Action item
Only the lines below from the one with "Bundeskanzler Olaf Scholz" through the one with "Gewaltsame Auseinandersetzungen zwischen" are to be written out, exactly and without any images.

Data shown
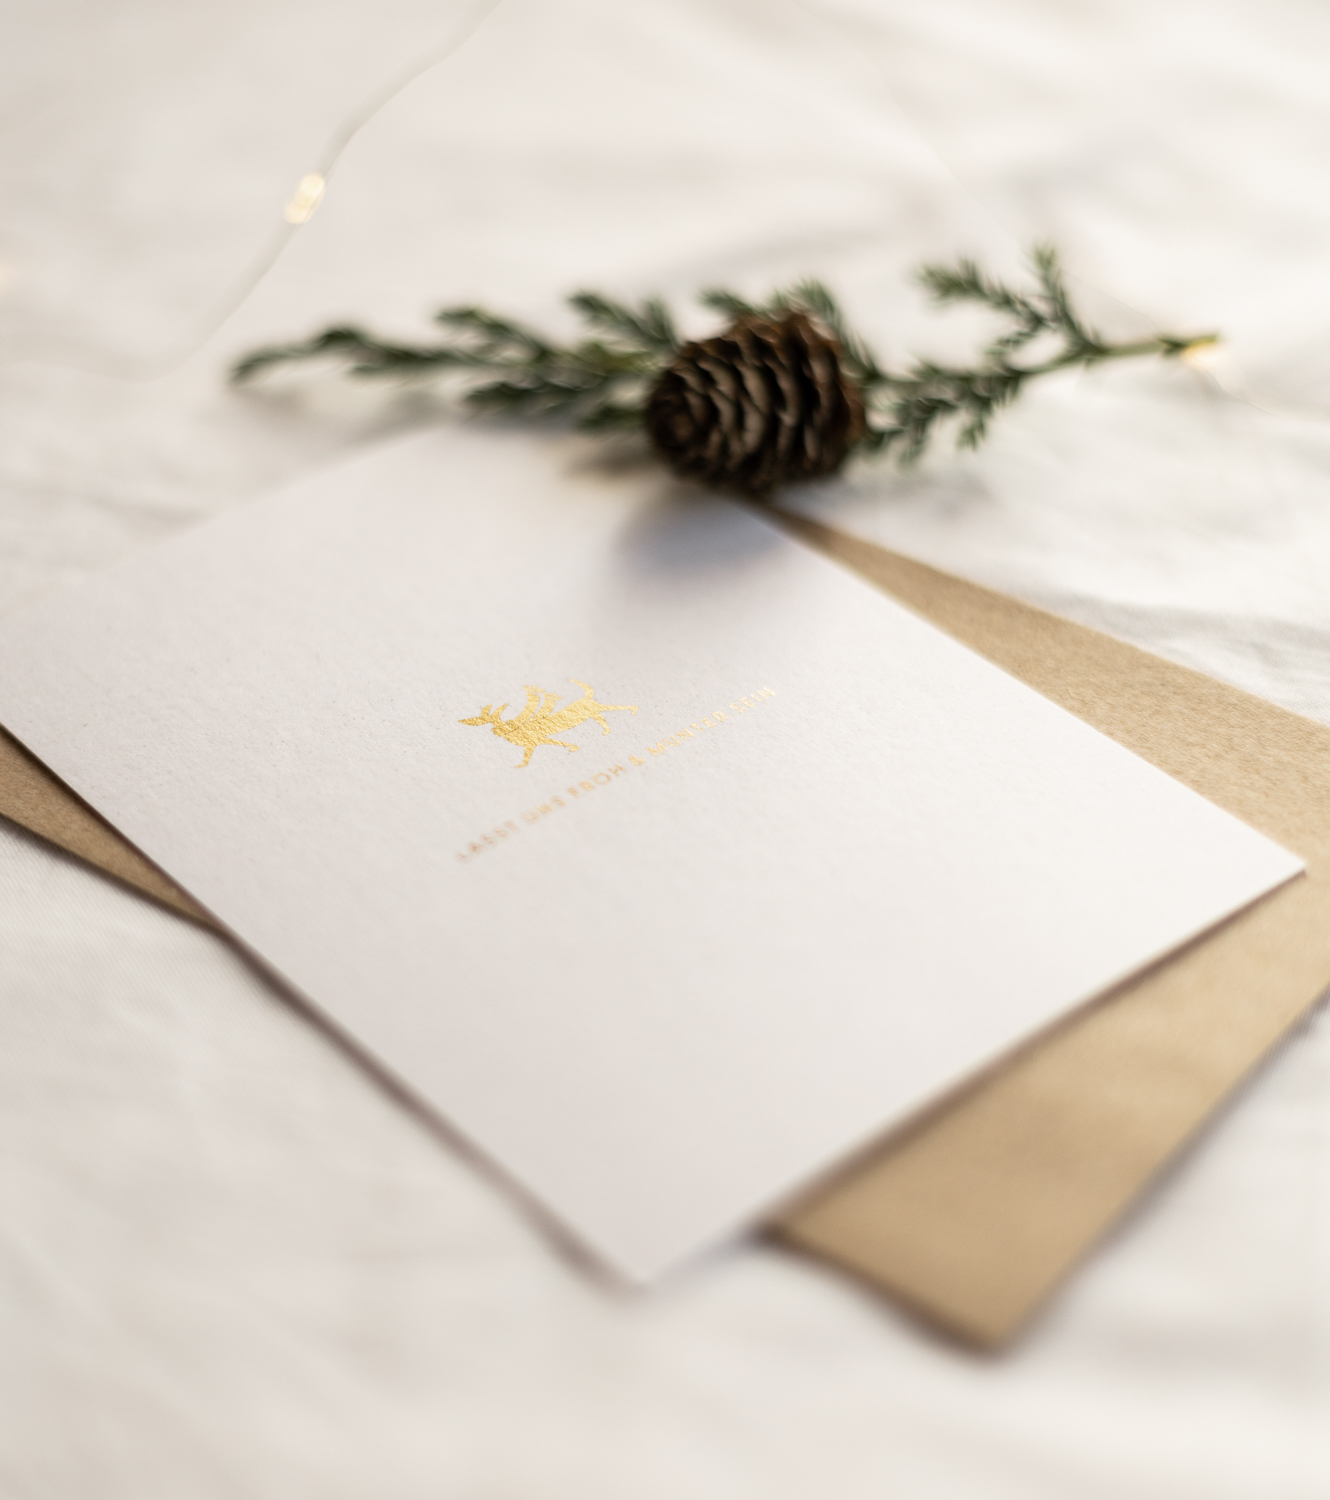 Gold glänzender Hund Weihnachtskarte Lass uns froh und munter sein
...
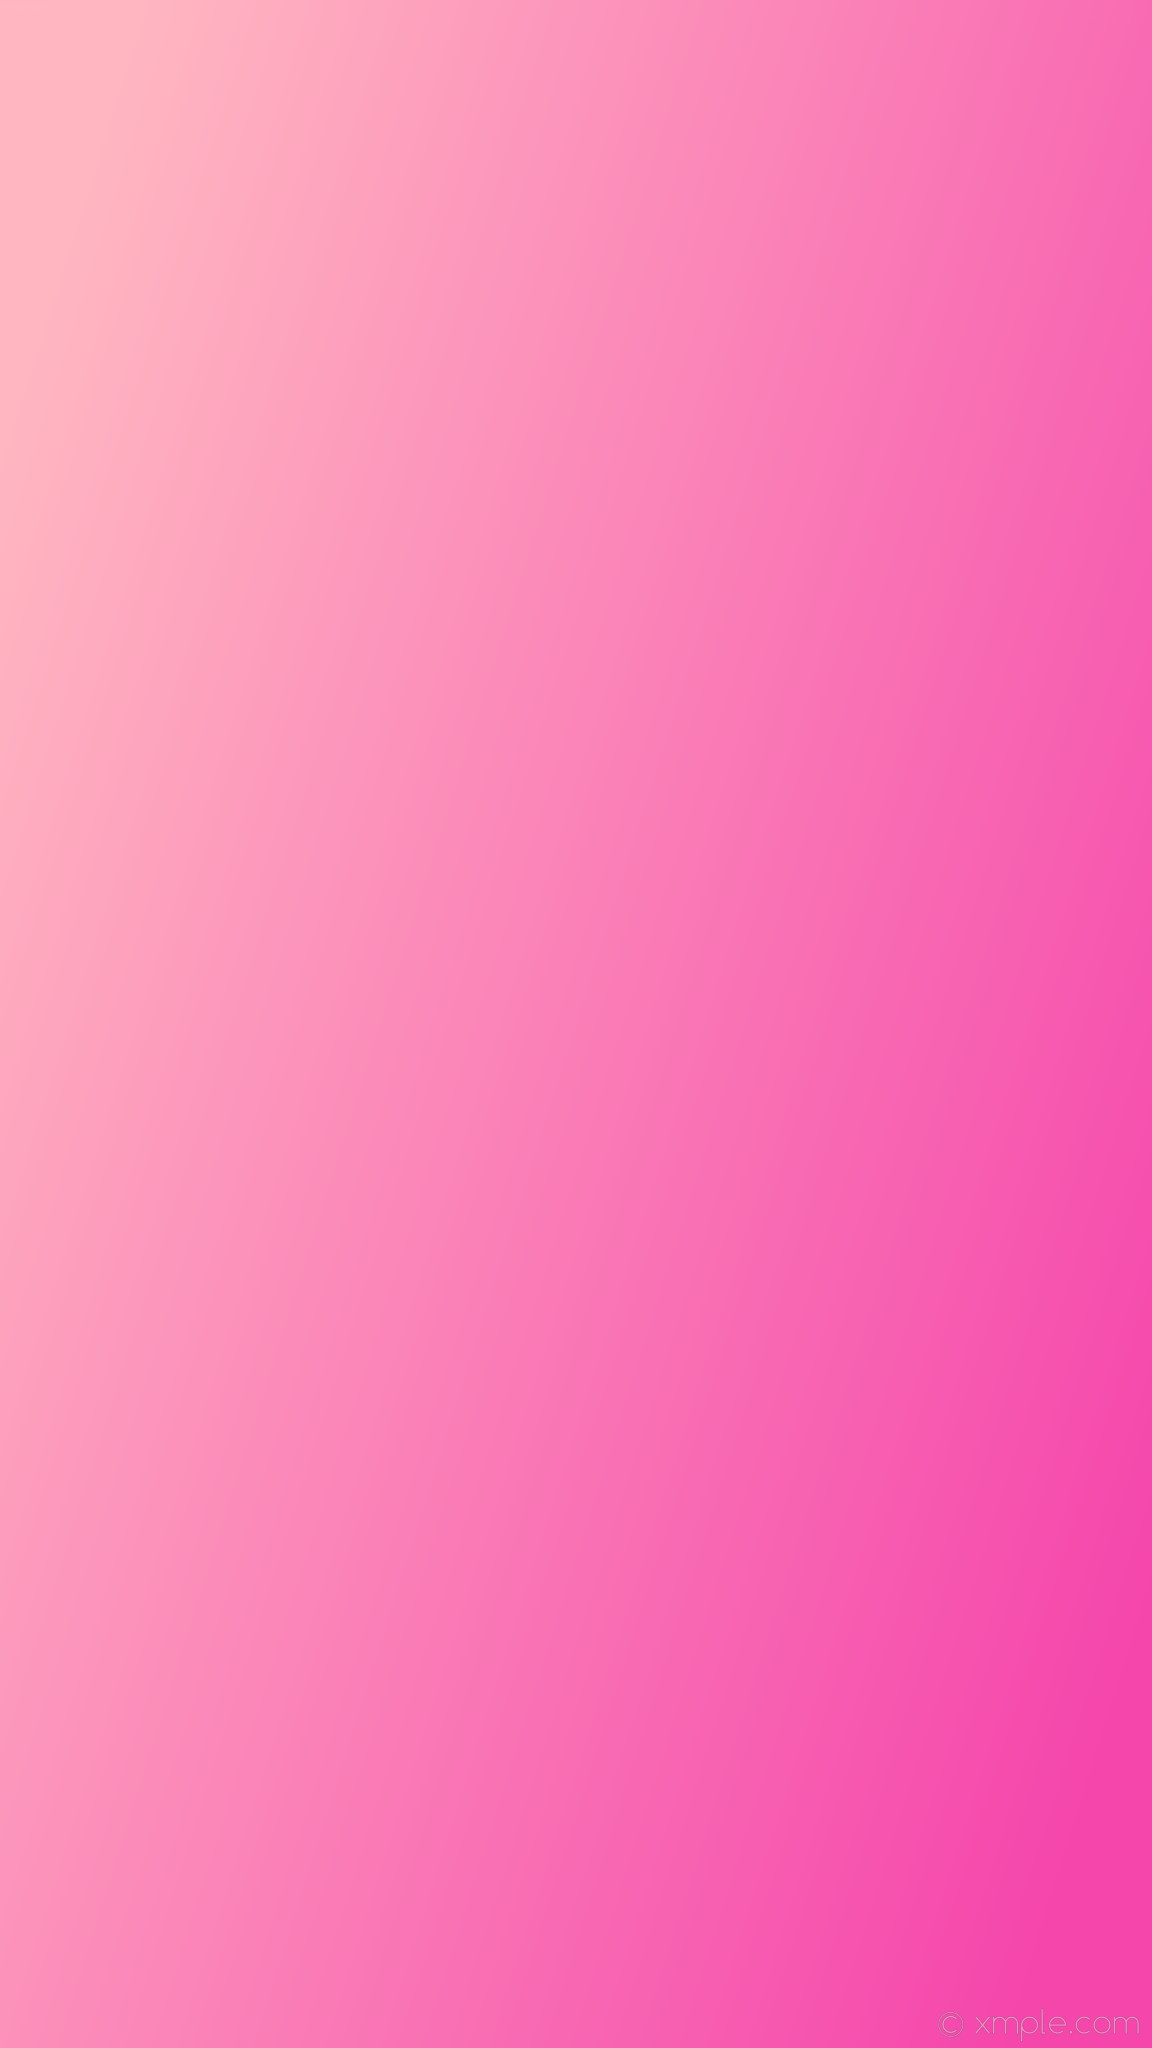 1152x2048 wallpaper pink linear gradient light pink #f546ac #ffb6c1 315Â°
---
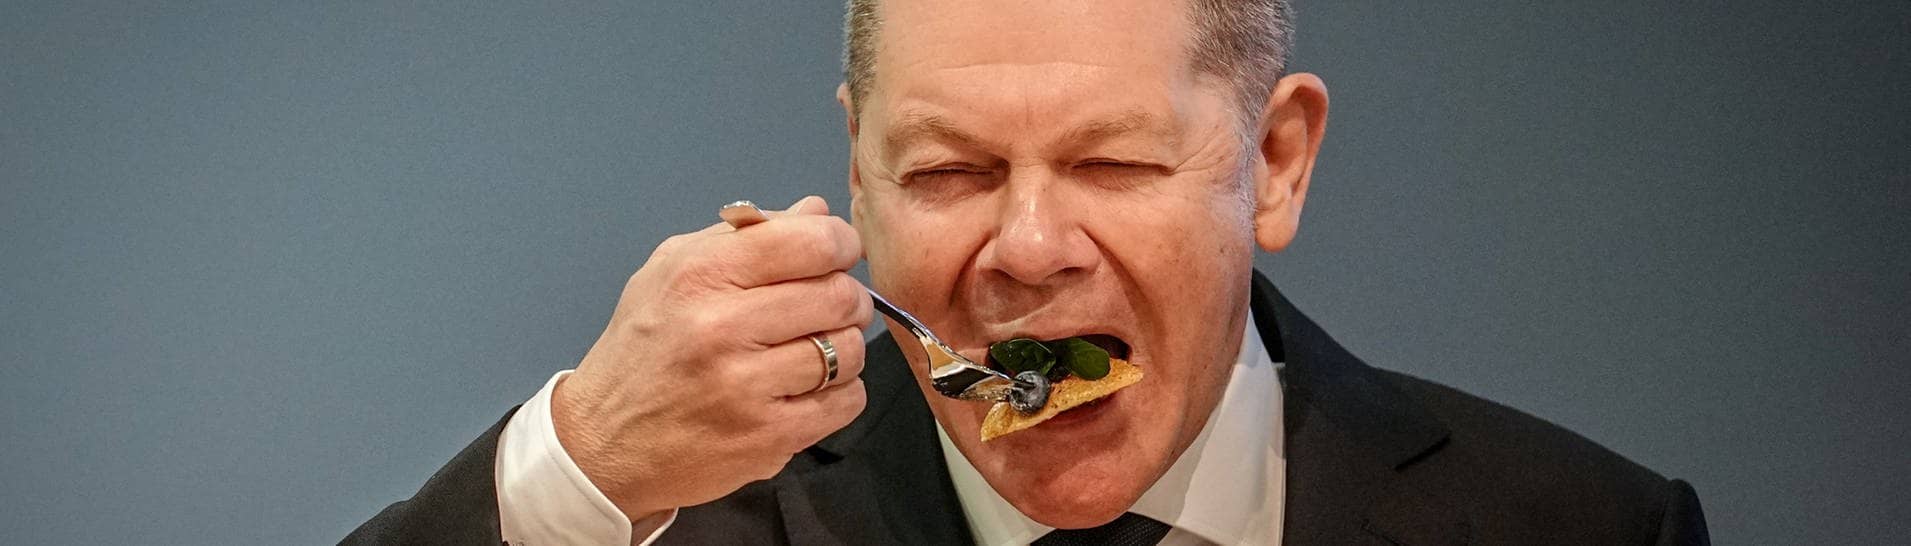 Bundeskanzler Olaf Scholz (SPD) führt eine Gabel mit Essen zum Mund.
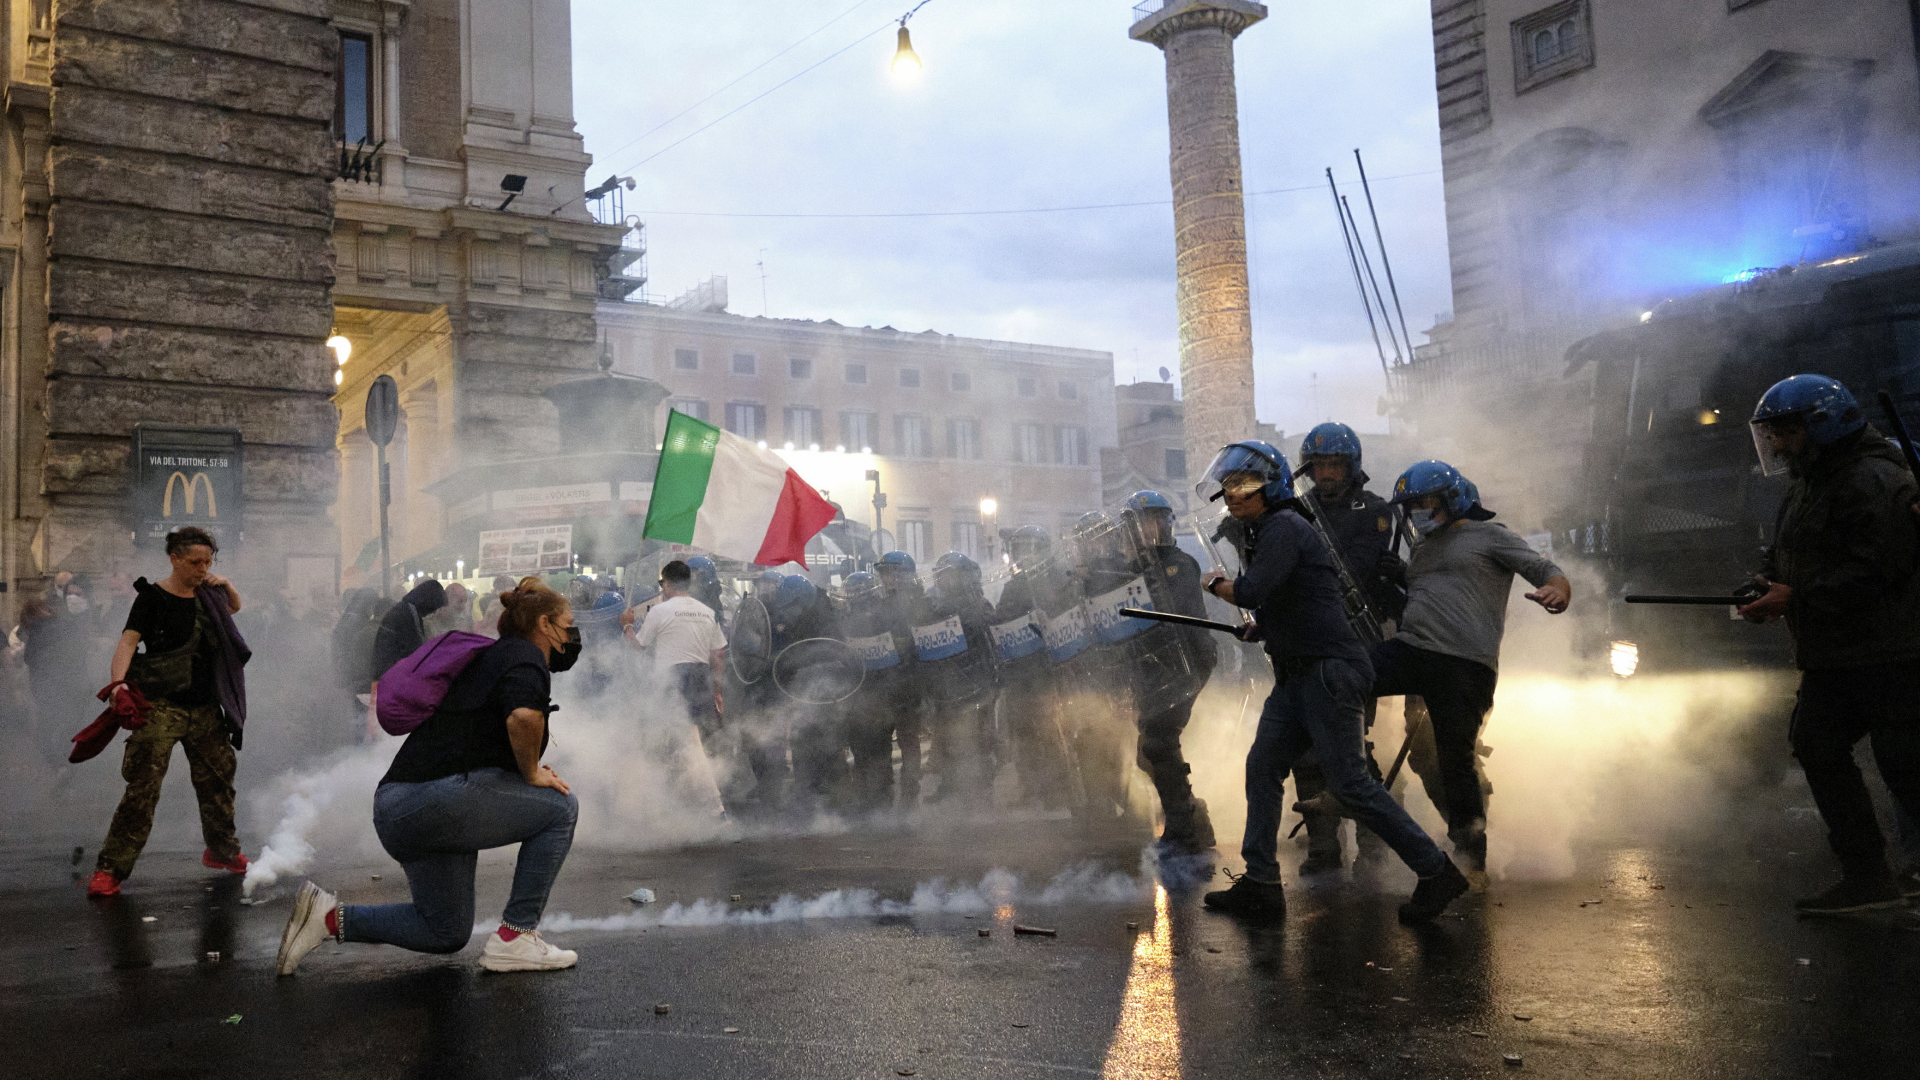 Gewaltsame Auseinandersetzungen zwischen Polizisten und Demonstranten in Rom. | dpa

Exercise output
 Bundeskanzler Olaf Scholz (SPD) führt eine Gabel mit Essen zum Mund.
 Gewaltsame Auseinandersetzungen zwischen Polizisten und Demonstranten in Rom. | dpa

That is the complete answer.